The spunbond pack is essentially a layered structure formed by overlaying several distribution plates on each other in a stack, with each layer being formed by a single plate, such that the features of adjacent plates are aligned to form the channels and through holes that constitute the polymer distribution network. The plates are aligned using a dowel pin which is inserted into a central dowel pin hole 12 located near the center of the plate in the cross direction and toward one edge of the plate in the machine direction, as shown in FIG. 1. The central dowel pin hole 12 is substantially circular and closely matches the cross-sectional shape and dimensions of the central dowel pin, such that the central dowel pin controls the end-to-end alignment of the plates (i.e., the central dowel pin properly aligns the plates in the cross direction) when the dowel pin extends through the stack.

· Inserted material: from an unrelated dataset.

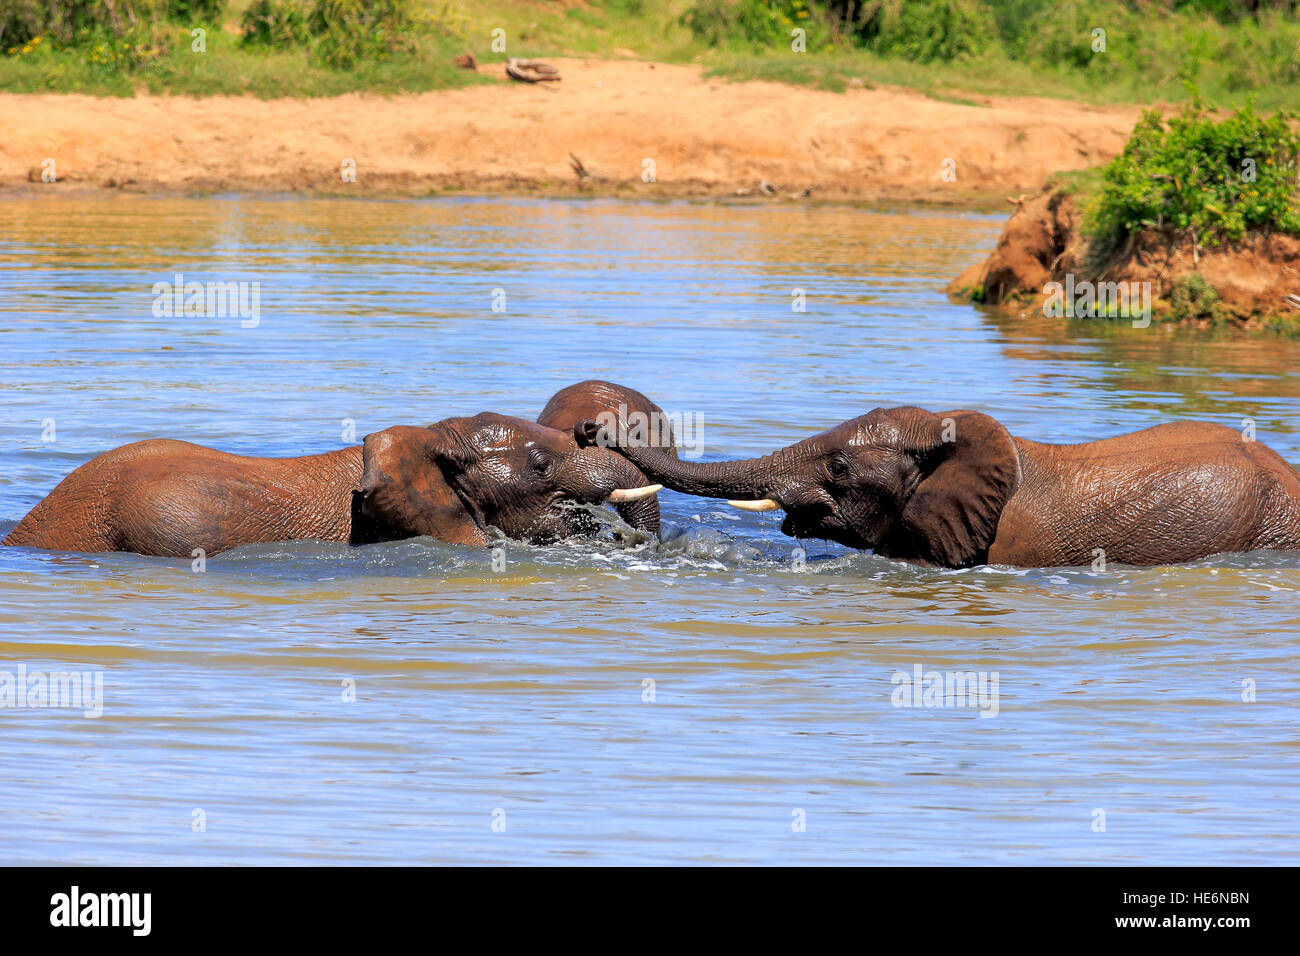 African Elephant, (Loxodonta africana), fighting in water, Addo Elephant Nationalpark, Eastern Cape, South Africa, Africa Stock Photo

Two additional, substantially slot-shaped dowel pin holes 14 are respectively located near the two cross-directional ends of plate 10 toward one edge of the plate in the machine direction. The slots are aligned in the cross direction, permitting a small degree of play in this direction (i.e., the dowel pins inserted in the outer slot-shaped dowel pin holes do not control the end-to-end alignment in the manner of the central dowel pin). Two corresponding dowel pins are inserted in these outer slot-shaped dowel pin holes 14 and extend through the stack of plates to ensure proper alignment in the machine direction and effectively prevent rotational misalignment between plates. The remaining circular holes shown in FIG. 1 are bolt holes through which bolts are inserted to fasten the plates together to form the fiber extrusion pack.

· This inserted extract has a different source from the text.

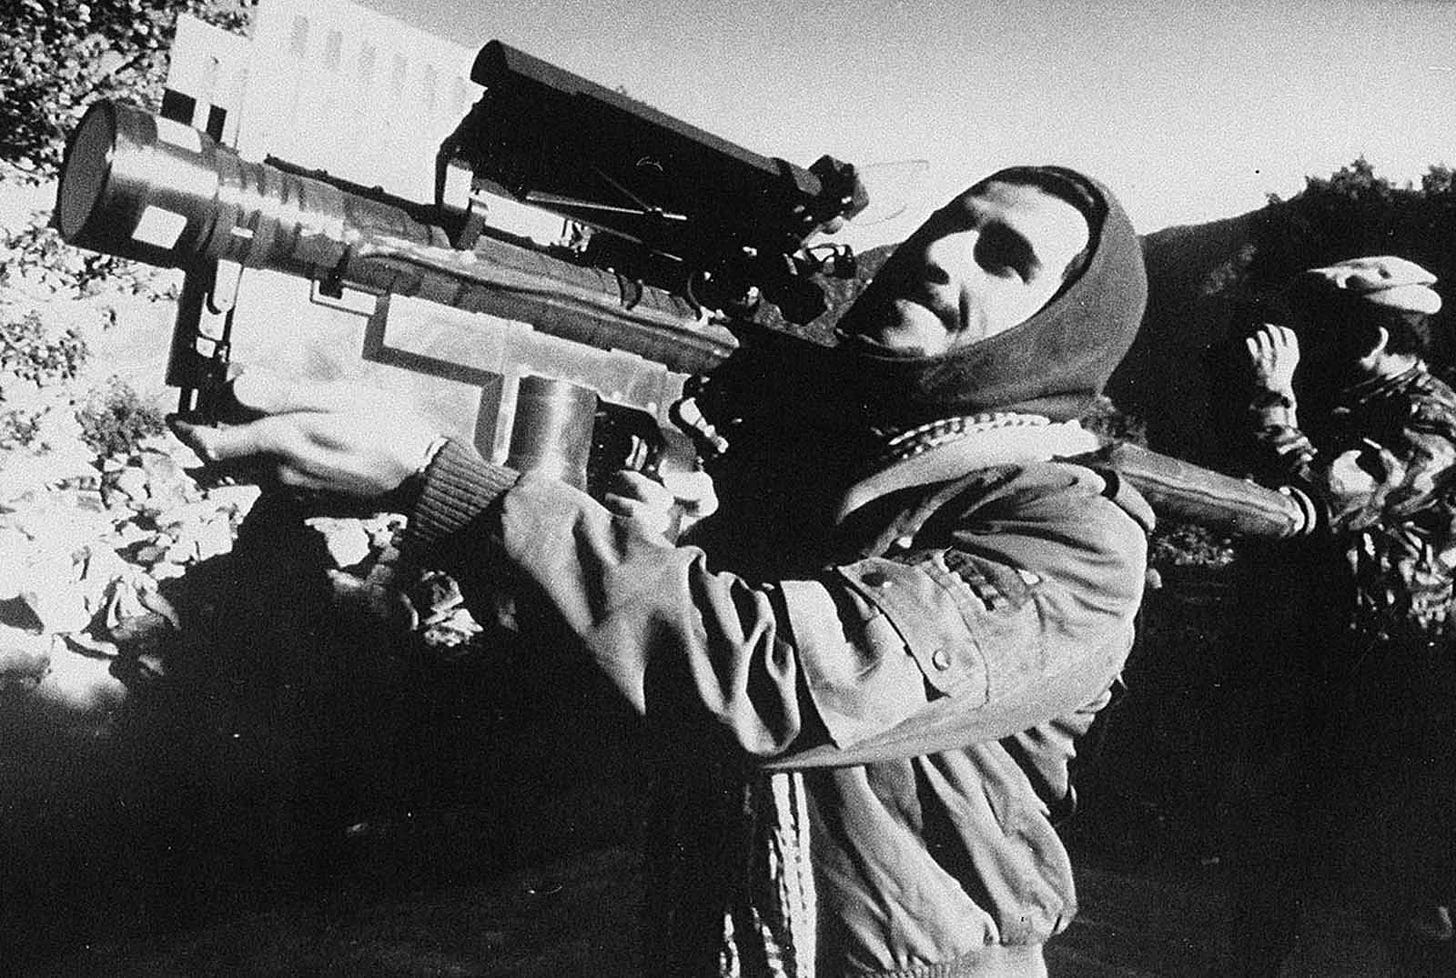 An Afghan guerrilla handles a U.S.-made Stinger anti-aircraft missile in this photo made between November 1987 and January 1988. The shoulder-fired, heat-seeking missile supplied to the Afghan resistance by the CIA during the Soviet invasion of Afghanistan, is capable of bringing down low-flying planes and helicopters. At one point, late in the war, rebels were reportedly downing nearly one Soviet aircraft every day with Stinger missiles.

In spunbond packs over one meter long, there is a limit to design density due to the inherent alignment inaccuracy at the ends of the pack. For example, using certain plate manufacturing processes, any feature on the plate may have a long-term positional accuracy on the order of 0.002 inch per foot from the central dowel pin. With a spin pack constructed from twelve foot long plates, such as that shown in FIG. 1, the ends of the plate are six feet from the central dowel pin. Consequently, a twelve foot long pack would have a plate-to-plate alignment accuracy of approximately 0.012 inches (6 ft.×0.002 inches/ft.). These tolerances significantly limit the density of the pattern design in the distribution plates and thus the spin hole density, since the features on the plates must be large enough to accommodate potential misalignments of this size. While plate-to-plate alignment accuracy can be improved somewhat by reducing manufacturing tolerances, there are inherent limitations to manufacturing accuracies, and greater accuracy requirements generally increase manufacturing costs.
Accordingly, it would be desirable to reduce the plate-to-plate misalignments between adjacent layers of fiber extrusion packs to permit higher pattern design density and smaller features (e.g., holes and channels) in the plates of fiber extrusion packs.